Record excerpts below:

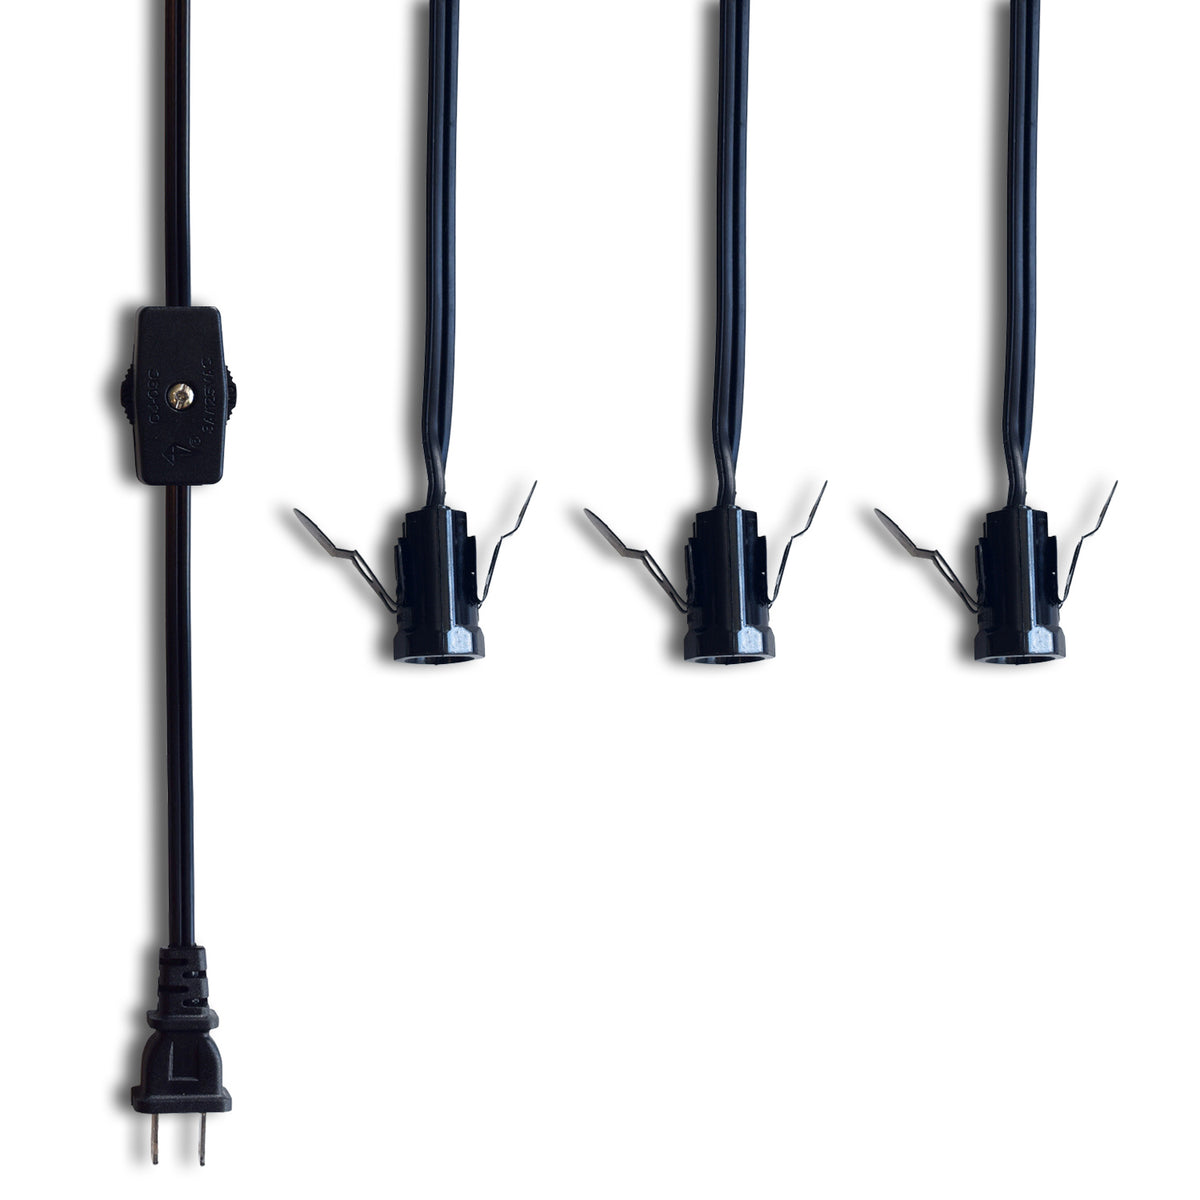 Triple Socket Black Pendant Light Lamp Cord for Star Lanterns, Switch, E12, 19 Ft - Electrical Swag Light Kit
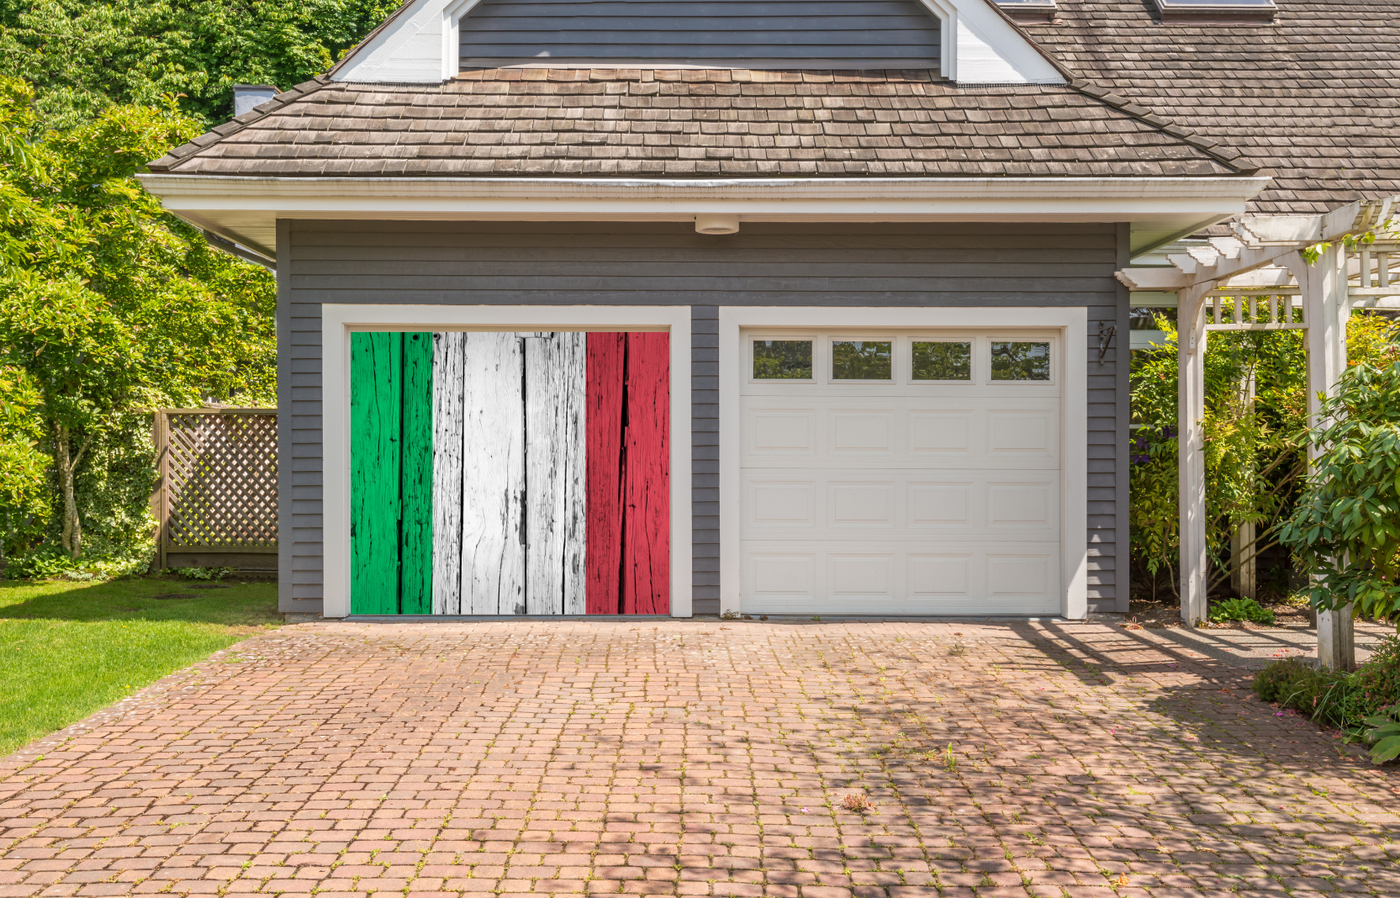 Italy Flag On Wooden Garage Door Cover
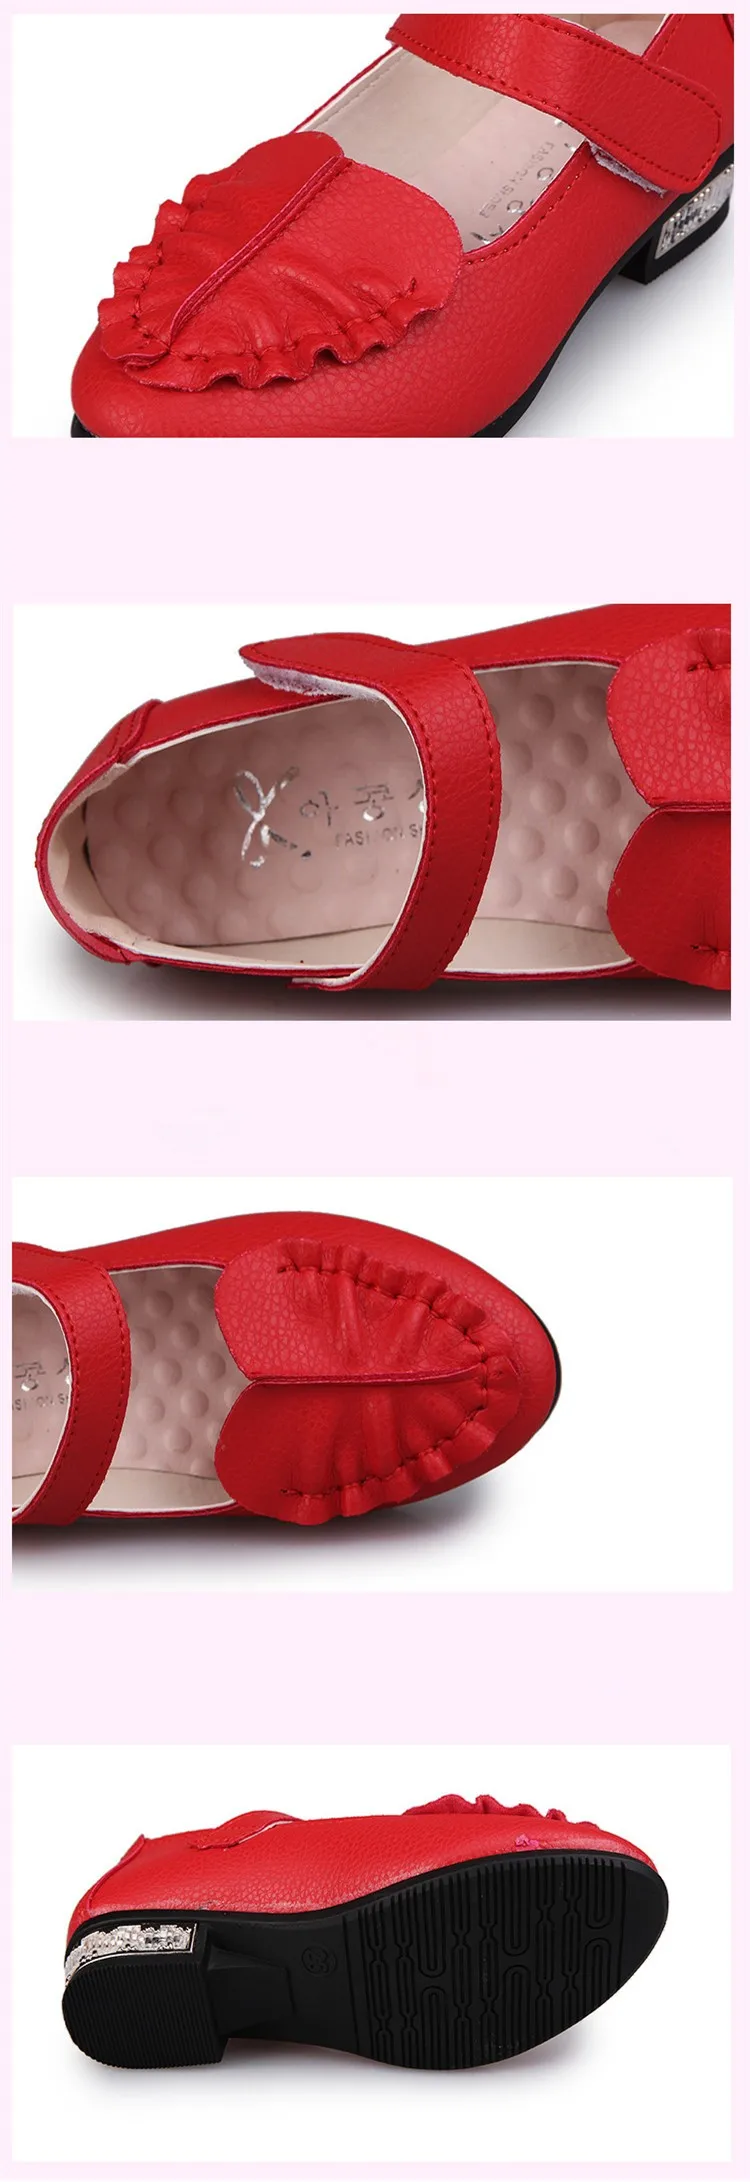 J Ghee стелька 16,5-19 см обувь для девочек Принцесса Милая Детская обувь с маленьким каблуком Детские кроссовки вечерние Рождество для девочек
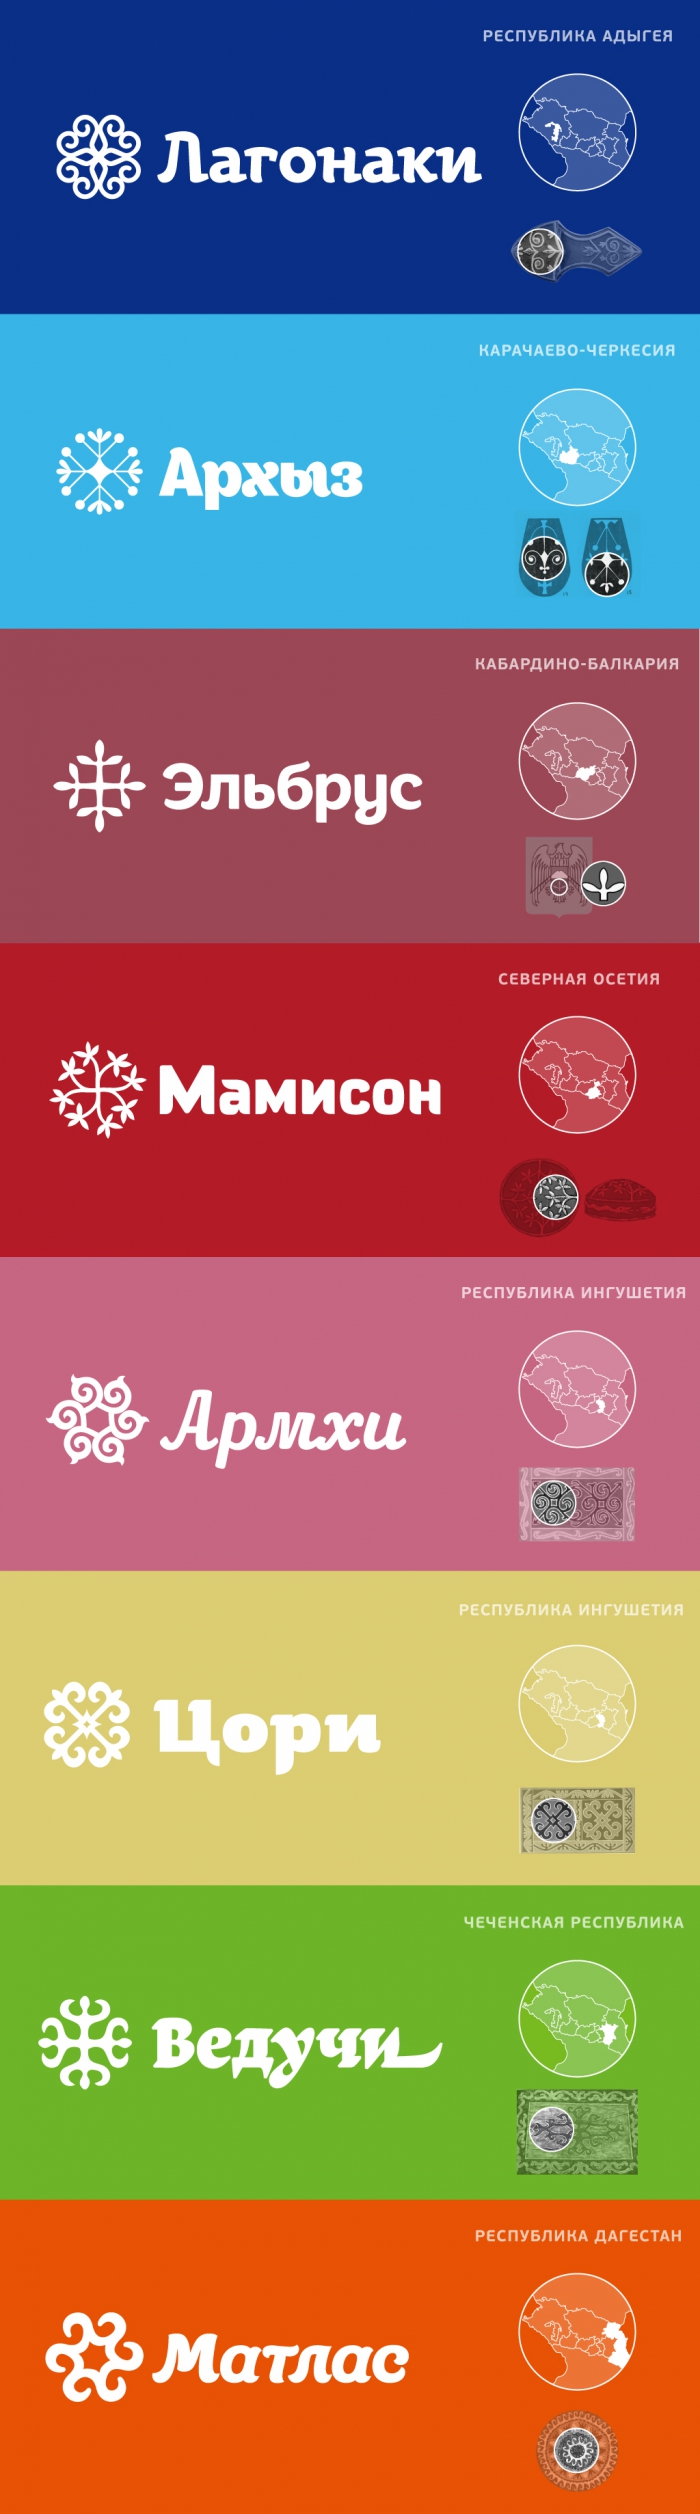 Элементы фирменного стиля для отдельных курортов Северного Кавказа, 2014 год.
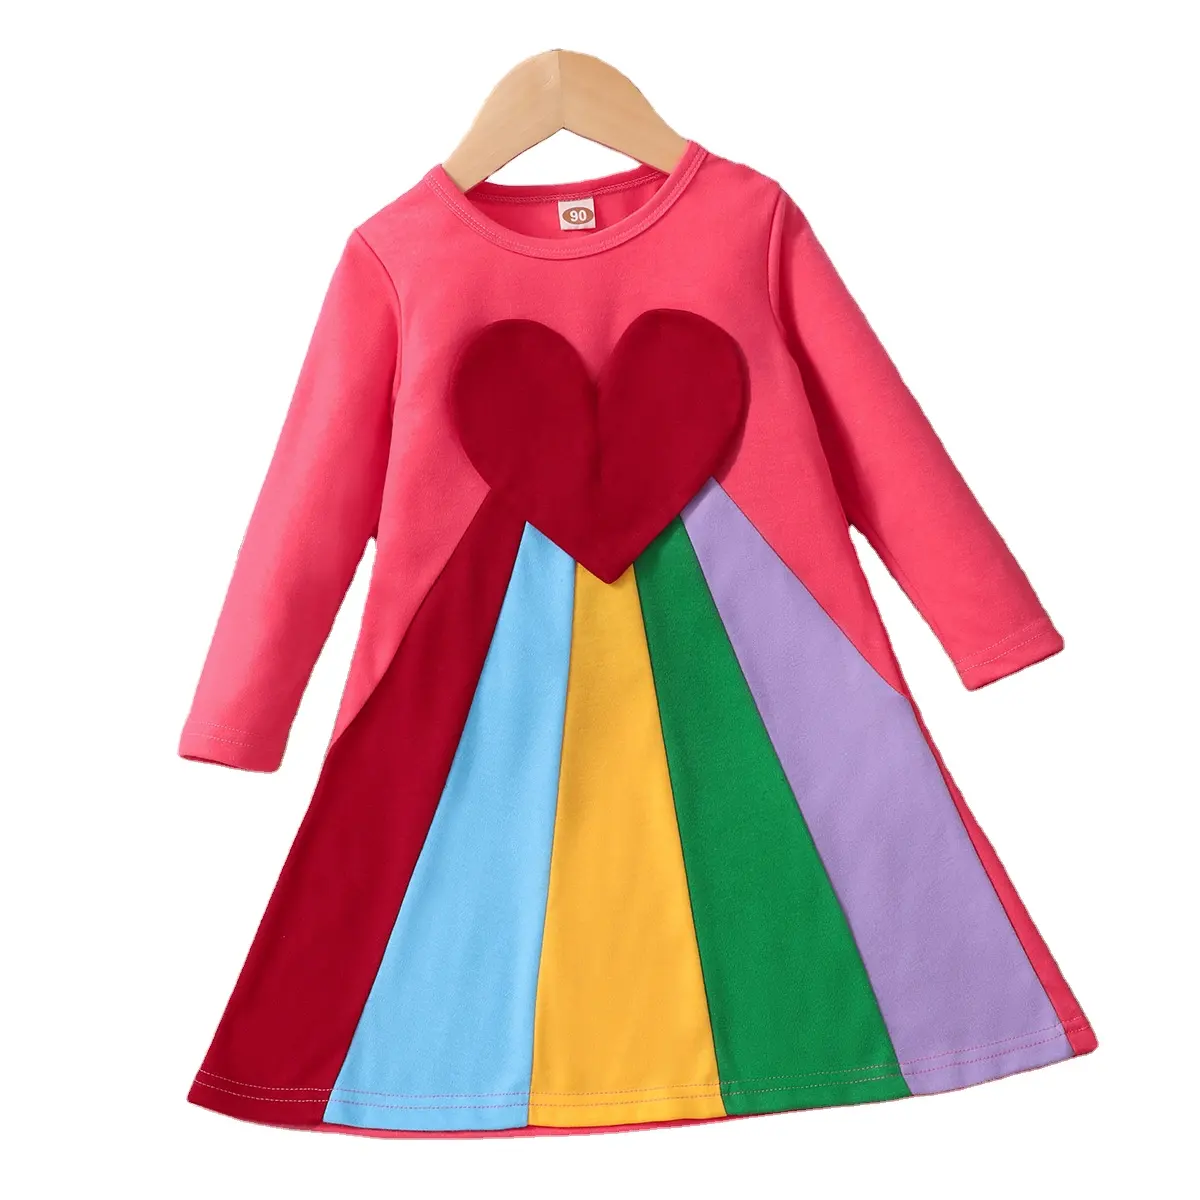 Vestido de manga longa para crianças, vestido colorido amor gola arco-íris

End of Record excerpts.

* _Directions for this task_: With images excluded, write the records above out again exactly.

* _Task solution_:
 Triple Socket Black Pendant Light Lamp Cord for Star Lanterns, Switch, E12, 19 Ft - Electrical Swag Light Kit
 Italy Flag On Wooden Garage Door Cover
 J Ghee стелька 16,5-19 см обувь для девочек Принцесса Милая Детская обувь с маленьким каблуком Детские кроссовки вечерние Рождество для девочек
 Элементы фирменного стиля для отдельных курортов Северного Кавказа, 2014 год.
 Vestido de manga longa para crianças, vestido colorido amor gola arco-íris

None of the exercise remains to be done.